Big business and blogs

On Guy Kawasaki’s blog, I found a link to a podcast interview with PodTech’s Jennifer Jones talking to Jennifer McClure of the Society for New Communications Research.

McClure talks about ways that large organizations like IBM can embrace blogging as one way to talk directly to customers and employees. Not the corporate-PR type blog, but true individual voices.

Organizations are going to be more successful if they listen better, and listening starts internally and… will be taken externally…

Think about an IBM that has thousands of employees… they not only have voices, they have ears… so IBM has the ability to listen much better…

IBM, according to McClure, encourages employees to blog, and thousands of them have. IBM’s James Snell posted company blog guidelines.

As McClure says, companies have the opportunity to use and learn from what their employees and customers are saying (rather than tracking down the miscreants and setting them straight).

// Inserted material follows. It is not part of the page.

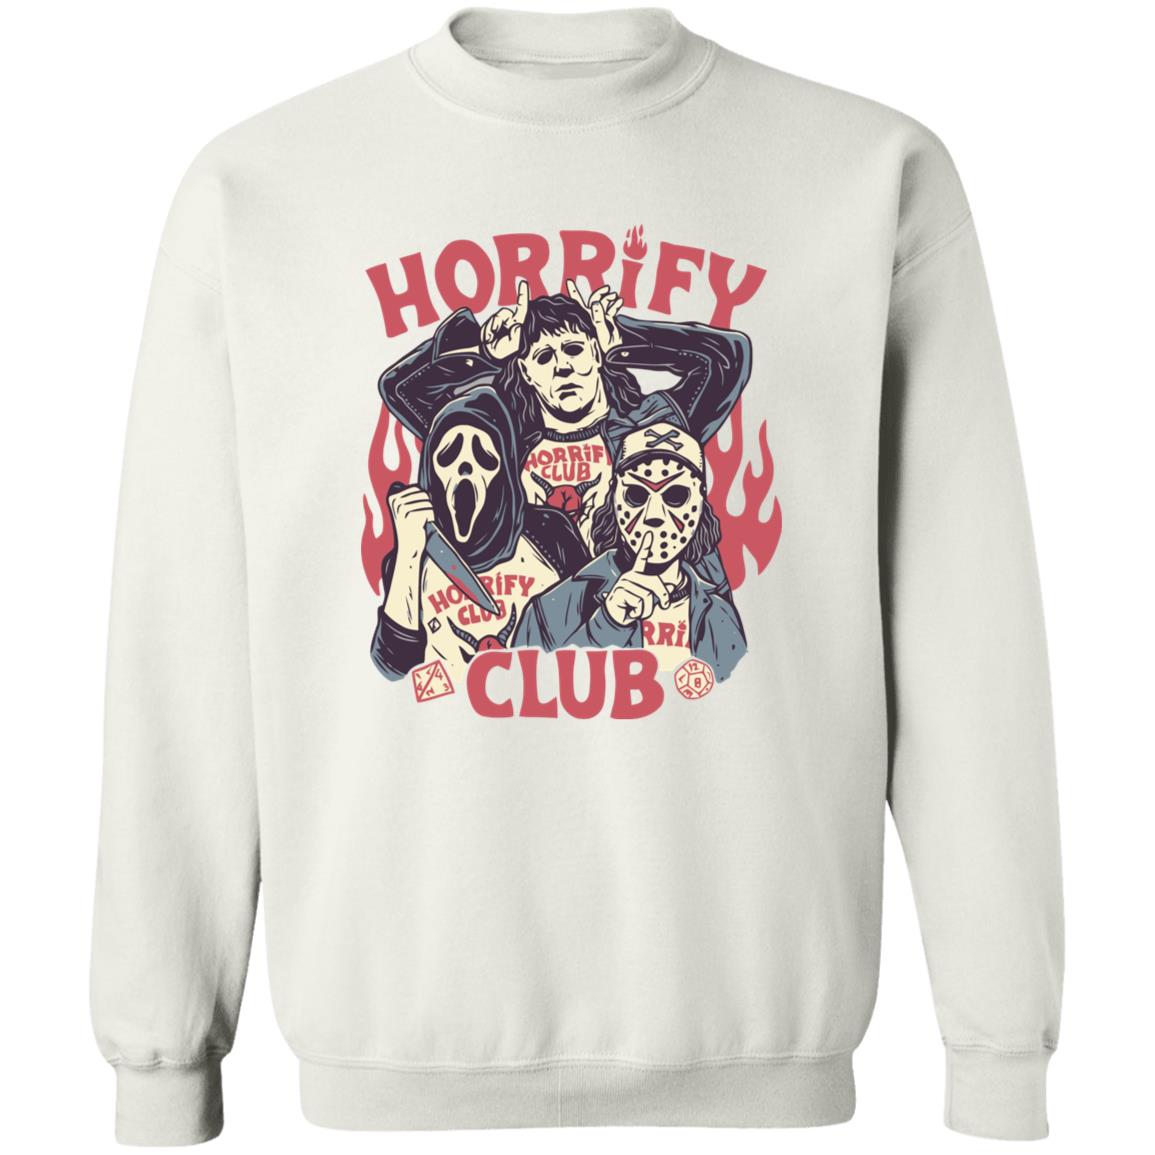 Horror Character Horrify Club Shirt 1

Similarly, it would be “very new” for many companies to post on an internal wiki “this is what we’re thinking about — do you have any opinions or ideas?”

2 thoughts on “Big business and blogs

  1. Harold:

    I should have made clearer that “very new” was my paraphrase of McClure. I took her to be saying that in many large organizations, it would be unusual to float an idea or possible change past employees and ask for their input before making a decision.

    I remember clearly a “change management process” at one large firm that boiled down to upper management telling the affected groups of employees “your groups are merging and you will work in new ways, starting today.”